In aqueous systems, pH controls whether cyanide is present primarily as HCN or as CN-. Since HCN is the protonated form and CN- is the conjugate base, equilibrium shifts with acidity. At low pH, more HCN is present. At higher pH, more cyanide ion is present. That broader acid-base perspective helps explain why weak-acid calculations remain relevant beyond a single textbook problem.
Authoritative reference sources
- NIST Chemistry WebBook entry for hydrogen cyanide
- CDC and NIOSH information on cyanide chemistry and safety
- Purdue University guide to acid dissociation constants and weak-acid equilibria
Fast exam shortcut for this exact question
If you see the exact prompt, “calculate the pH of a 0.20 M solution of HCN,” and your course allows the weak-acid approximation, you can move quickly:
- Write x = sqrt(Ka x C).
- Substitute Ka = 6.2 x 10^-10 and C = 0.20.
- Get x = sqrt(1.24 x 10^-10) = 1.11 x 10^-5.
- Take the negative log to get pH = 4.95.

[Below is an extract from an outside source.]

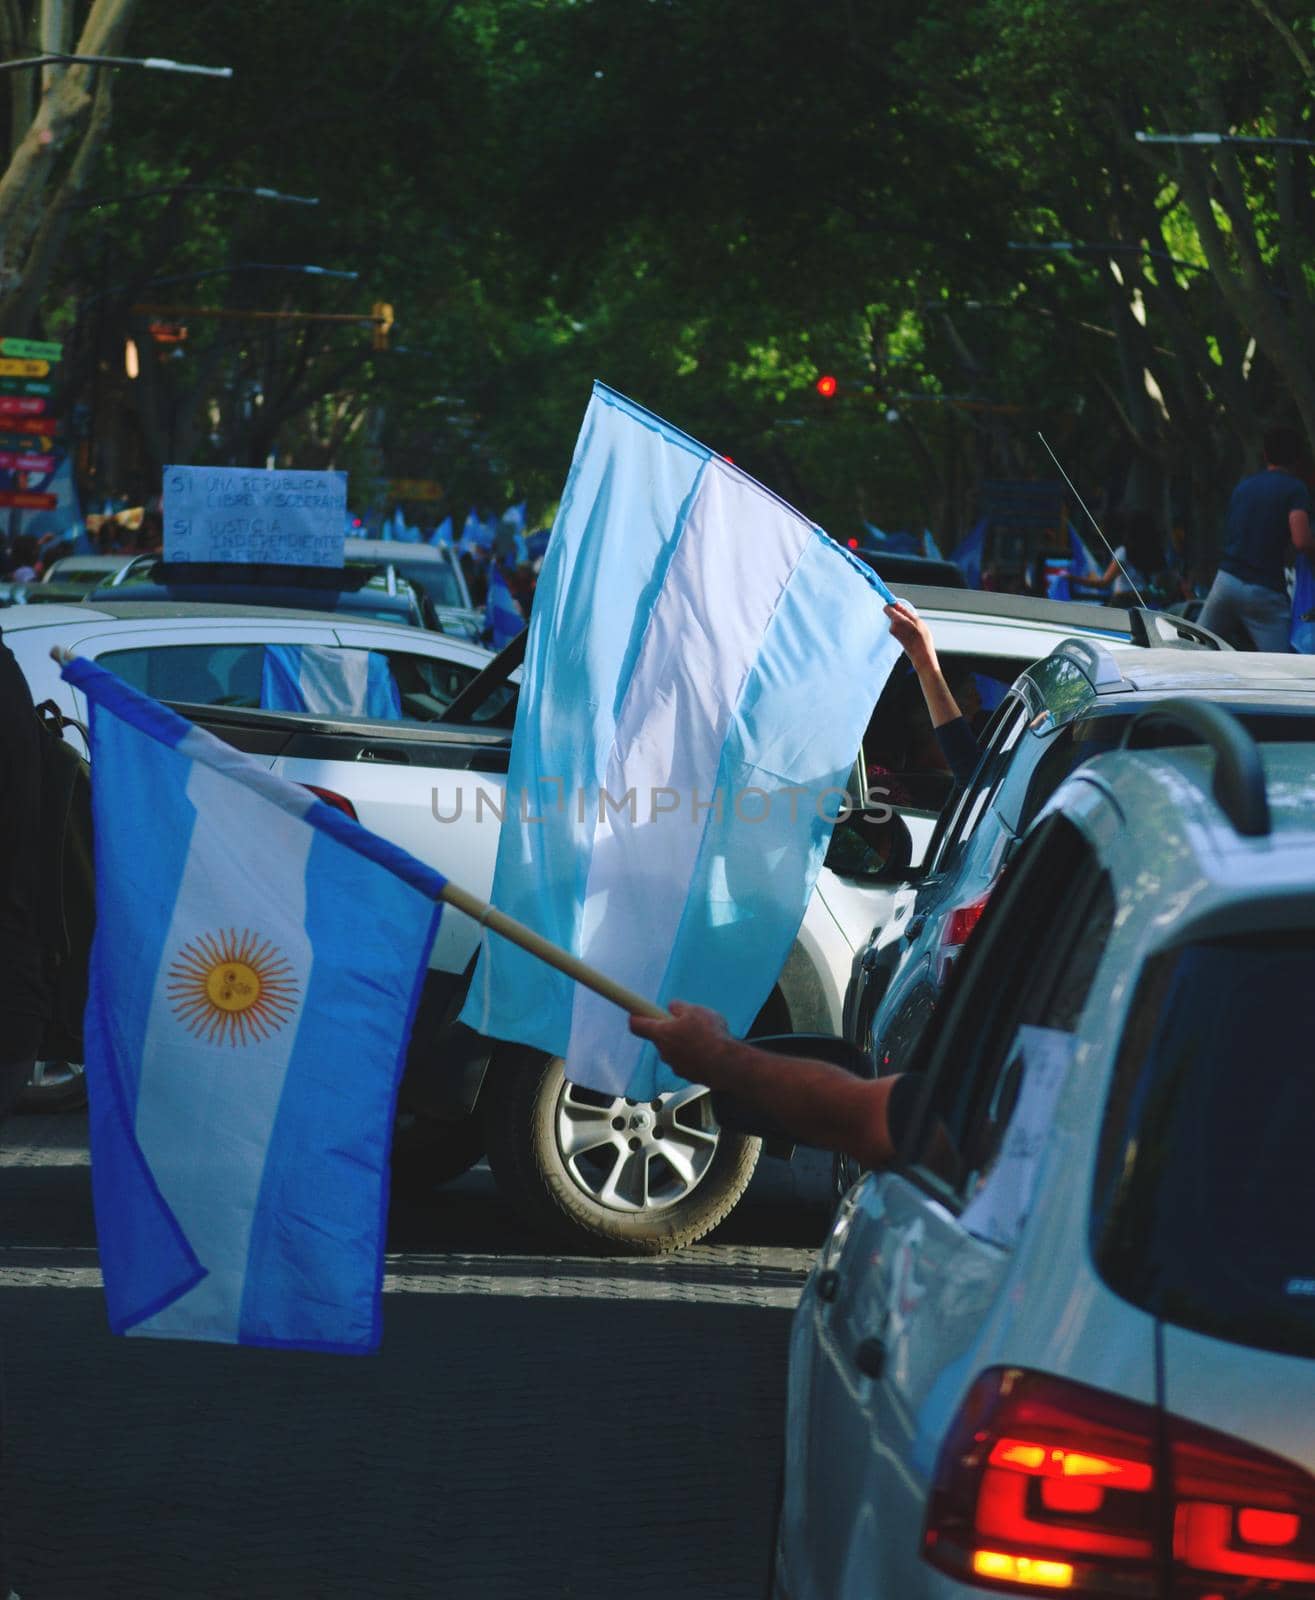 2020-10-12, Mendoza, Argentina: A man holds an argentinian flag from his car during a protest against the national government. by hernan_hyper

Final answer: a 0.20 M solution of HCN has a pH of about 4.95 at 25 C when Ka is taken as 6.2 x 10^-10.
Final takeaway
The key to solving this problem correctly is recognizing that HCN is a weak acid. For a 0.20 M solution, the hydrogen ion concentration is not 0.20 M, but only about 1.11 x 10^-5 M because the acid dissociates to a very limited extent. Using the equilibrium expression or the valid weak-acid approximation gives a pH near 4.95. Once you understand this process, you can apply the same logic to any weak monoprotic acid problem involving Ka, ICE tables, and equilibrium pH.